Все дни погода стояла безоблачная и теплая, на солнце было и вовсе по-летнему жарко, но в саду Биеннале желтела уже октябрьская листва платанов и от каналов начинало потягивать осенней приторной гнильцой.
Он жил на Сан-Джордже, в ферестерии при бывшем монастыре, в котором и проходила конференция, и с острова в город можно было добраться только на вапоретто.
После заключительного заседания — назавтра все уже разъезжались — он и переправился на другую сторону Канале Гранде, где в ресторане неподалеку от Сан-Марко был назначен прощальный ужин.
На площади тесно толклись туристы, глазели на золотую мозаику собора и Дворец дожей или, обсыпав себе голову и плечи конопляным семенем, замирали, пока разжиревшие голуби деловито и сосредоточенно склевывали с них зерна, и фотографировали друг друга.
Он был в Венеции не впервые, и раз от раза тут ничего не менялось — туристы, голуби, щелканье фотоаппаратов, разноязычный гомон, отбивающие часы колокольные удары бронзовых мавров-молотобойцев, аскетическая вертикаль кирпичной кампанилы, сплошные аркады по три другие стороны площади, делающие ее похожей на огромную бальную залу.
Я-то свое отплясал, сказал он себе, пора и честь знать.
До ужина еще оставалось часа три, и он долго гулял, продираясь сквозь плотную толпу, по набережной, ноги спеклись в тяжелых, не по здешней погоде, ботинках, и он присел на стоящие вдоль фасадов домов и похожие на длинные и низкие рыночные прилавки пассарелли — мостки, которые расставляют поперек Сан-Марко и вдоль каналов при восточном ветре, когда воды лагуны выходят из берегов и затопляют площадь и набережные.

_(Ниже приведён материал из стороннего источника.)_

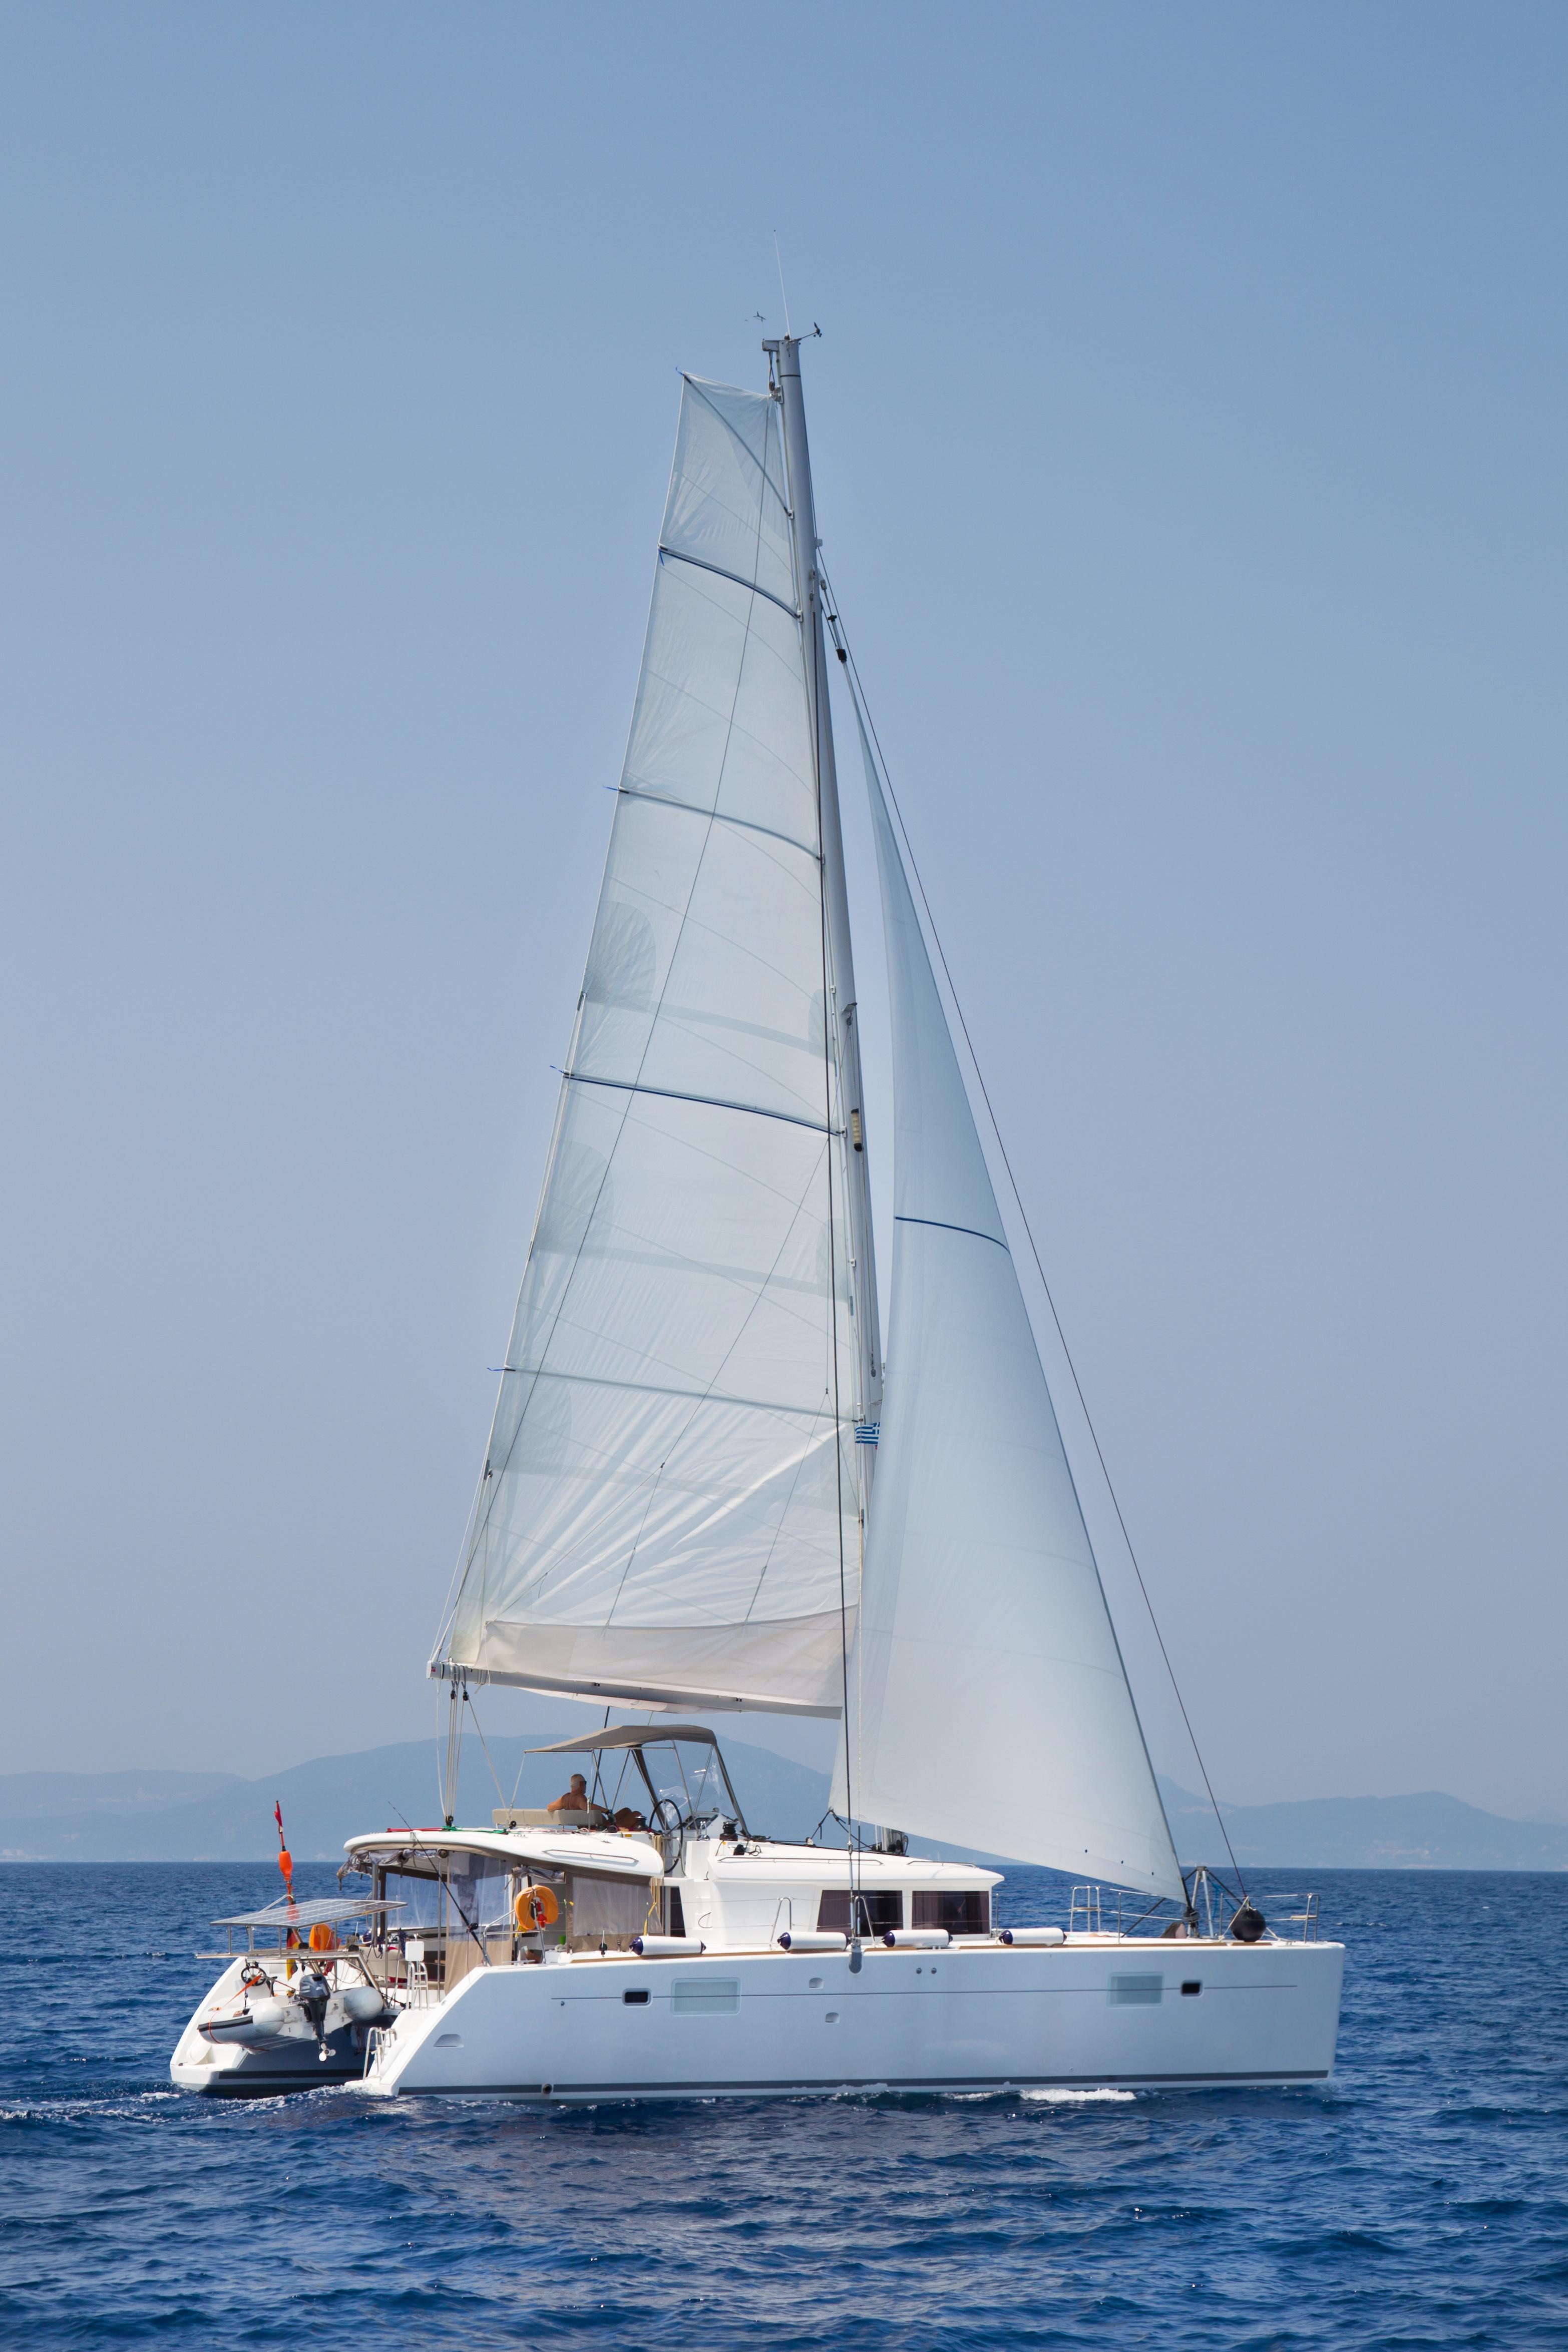 Lagoon 450F (Lipopette) sailing _view2 - 3

Глядя на снующую перед глазами толпу, он в который раз привычно подумал, что всегда и везде, где бы он ни был, он никогда не сливается, не растворяется в жизни, которой, нимало о ней не задумываясь, живут все остальные вокруг. Разве что дома, в Москве… — хотел было он возразить самому себе, но тут же и опроверг: дома?! Ты говоришь «я еду домой», когда возвращаешься из Москвы в Париж, а когда собираешься в Москву, то так и говоришь: «я еду в Москву», никакой это тебе уже не дом, Москва, хоть самому себе не вешай лапшу на уши.
А чтобы обвести себя вокруг пальца и спрятать голову в песок, ты носишься из страны в страну, из города в город по конференциям, вот как эта, только что закончившаяся, по симпозиумам и семинарам, от которых тебя воротит, потому что тебе давно уже нечего сказать нового или хотя бы такого, во что ты сам бы хоть на самую малость мог верить. Дырка от бублика. Я лечу не в пропасть, а в дырку от бублика. Да и был ли бублик?..
Выпить бы, затосковал он, самое бы время выпить…
Но при его денежных обстоятельствах тратиться, когда предстоит дармовой ужин, было глупо. Вот только бы устроители не забыли о водке или хотя бы о местной граппе. Собственно, граппа, вспомнил он ее вкус, это та же грузинская чача. И на память пришел Тбилиси, щедрое, хоть и малость напоказ, хлебосольство тамошних друзей, долгие, до самого рассвета, застолья на Мтацминда либо в маленьких хинкальных или хашных поблизости от Майдана. Впрочем, и в Москве с этим дело было неплохо, да и годы и силы были другие.
Сидеть на дощатых мостках было неловко, затекали болтающиеся на весу ноги, и он пошел вдоль витрин под аркадами площади. Вот уж на что никогда не надоест смотреть, так на эти играющие багровыми, синими, золотистыми и молочно-белыми искрами фантазии муранских стеклодувов. А если прислушаться, казалось ему, то сквозь толстое зеркальное стекло витрины можно услышать дробный перезвон хрустальных подвесок люстр, низкие голоса тяжелых кувшинов, дисканты рюмок и бокалов на тонких балетных ножках.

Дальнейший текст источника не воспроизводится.